Фамилию Крыжановский здесь выговорить никто не мог: местным дельцам он
представлялся как Кей-Джей, на его визитке вместо имени были выбиты золотом
всего две буквы «KJ». Его революционной бабке подобная вивисекция славной
фамилии явно бы не понравилась, но Зоя Станиславовна уже семнадцать лет как
перебралась в Новодевичий колумбарий и из-за подобных пустяков не
расстраивалась.
Уже выросли сугробы, провода превратились в ватные шнуры, деревья
побелели и обрели строгую величавость. Застряли на Сорок второй. Сидеть в
пробке было глупо, настроение начало портиться. Станислав стукнул перстнем в
перегородку (такой перстень он подметил у английского лорда, с которым играл в
гольф в Майами, Крыжановский тоже носил его на мизинце, а на чёрном камне
выгравировал золотом свой вензель — KJ). Шофёр опустил стекло.
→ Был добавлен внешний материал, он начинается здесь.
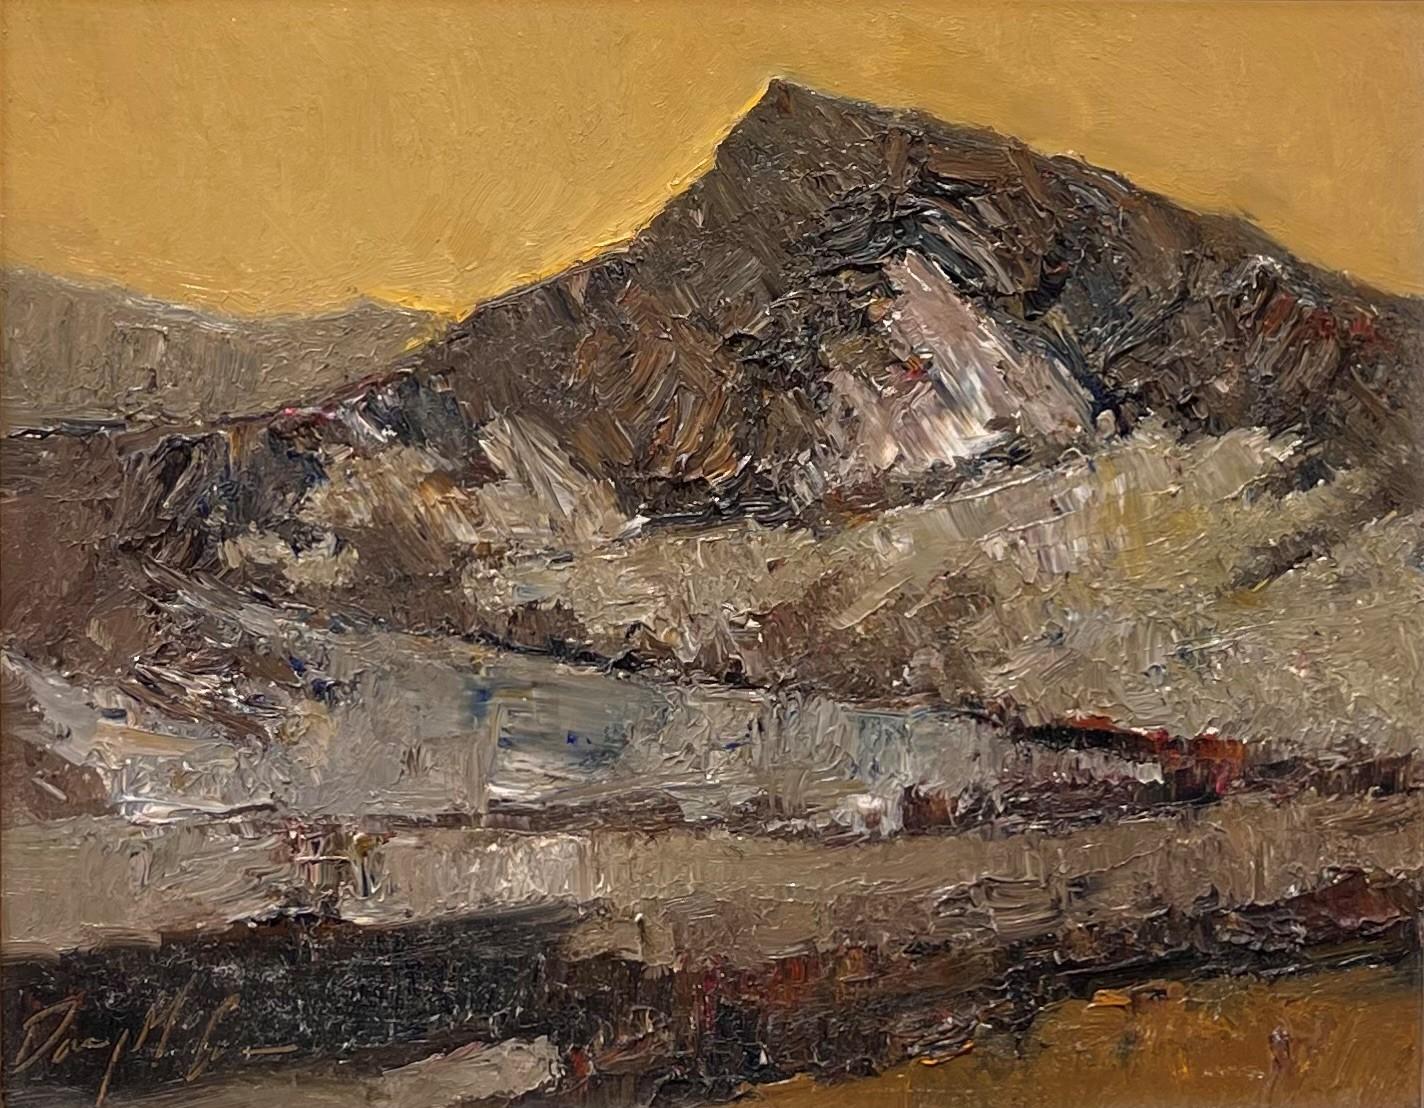 Danny McCaw Landscape Painting - "Golden Hour" Mountain Landscape Oil Painting

— Аммар, что там по радио?
— Мидтаун стоит, затор до Сто десятой.
— А по набережной, в смысле, по Ривер-Сайд?
— Те же дела, сэр.
Станислав хмыкнул, поёрзал.
— Ладно, я пешком… Проветрюсь. Завтра как обычно.
— О’кей, сэр. Не простудитесь.
— И ты не кашляй. Бывай!
Хлопнув дверью, Станислав, ловко лавируя между машин, добрался до
тротуара. Улица и площадь были забиты, уже никто не сигналил, снег неумолимо
падал и падал, шапки росли, автомобили теряли форму и цвет, превращаясь в
сугробы. Стало тихо, и площадь со статуей грустного Колумба в центре напоминала
заснеженное кладбище.
Станислав свернул в Центральный парк. Туфлям, купленным во Флоренции,
очевидно, пришёл конец, Станислав засмеялся, махнул рукой и смело зашагал по
целине, оступаясь и проваливаясь. Выпросив за доллар у конопатого пацана с лицом
двоечника картонку, он в стае визжащих детей скатился с ледяной горы. Кто-то
вполне ощутимо засадил ему по рёбрам, но Крыжановский, хохоча до слёз, съехал
ещё и ещё раз.
Собачники вывели своих питомцев, те, ошалев от снегопада, носились и
гавкали, валялись в снегу, визжа от счастья и суча задними ногами. Станислав
собак недолюбливал и относился к ним с недоверием и брезгливостью. Слюнявые
морды, после которых надо мыть руки, прыжки, вонючая шерсть — что в этом
хорошего? Крыжановский подозревал, что собаки догадываются о его чувствах и
платят той же монетой.
На главной аллее к нему подлетел коренастый крепыш ротвейлер и ни с того
ни с сего облаял его.
Станислав отпрыгнул и крикнул хозяйке — краснолицей толстухе:
— На поводке надо! Я сейчас в полицию позвоню, и вас, и вашего
фашистского кобеля арестуют! И усыпят!
Тётка испугалась, взмолилась, тут же пристёгивая карабин к ошейнику и
шлёпая концом поводка по лоснящемуся крупу пса.
Станислав ещё немного покуражился, даже угрожающе вынул мобильник, а
после, заскучав, повернулся и, насвистывая, пошёл к западному выходу. Снег
начал редеть, и сразу посветлело. В этой части парка росли старые липы, со
стволом в два обхвата и такие высоченные, что даже не верилось, что липы могут
вымахать до такой высоты. Девчушка лет тринадцати, худая и голенастая, в
мохнатой русской шапке с ушами, завязанными на подбородке, неуклюже
замахивалась, пыталась попасть снежком в ствол липы. За ней внимательно
наблюдал доберман, провожая очередной неточный бросок поворотом узкой щучьей головы.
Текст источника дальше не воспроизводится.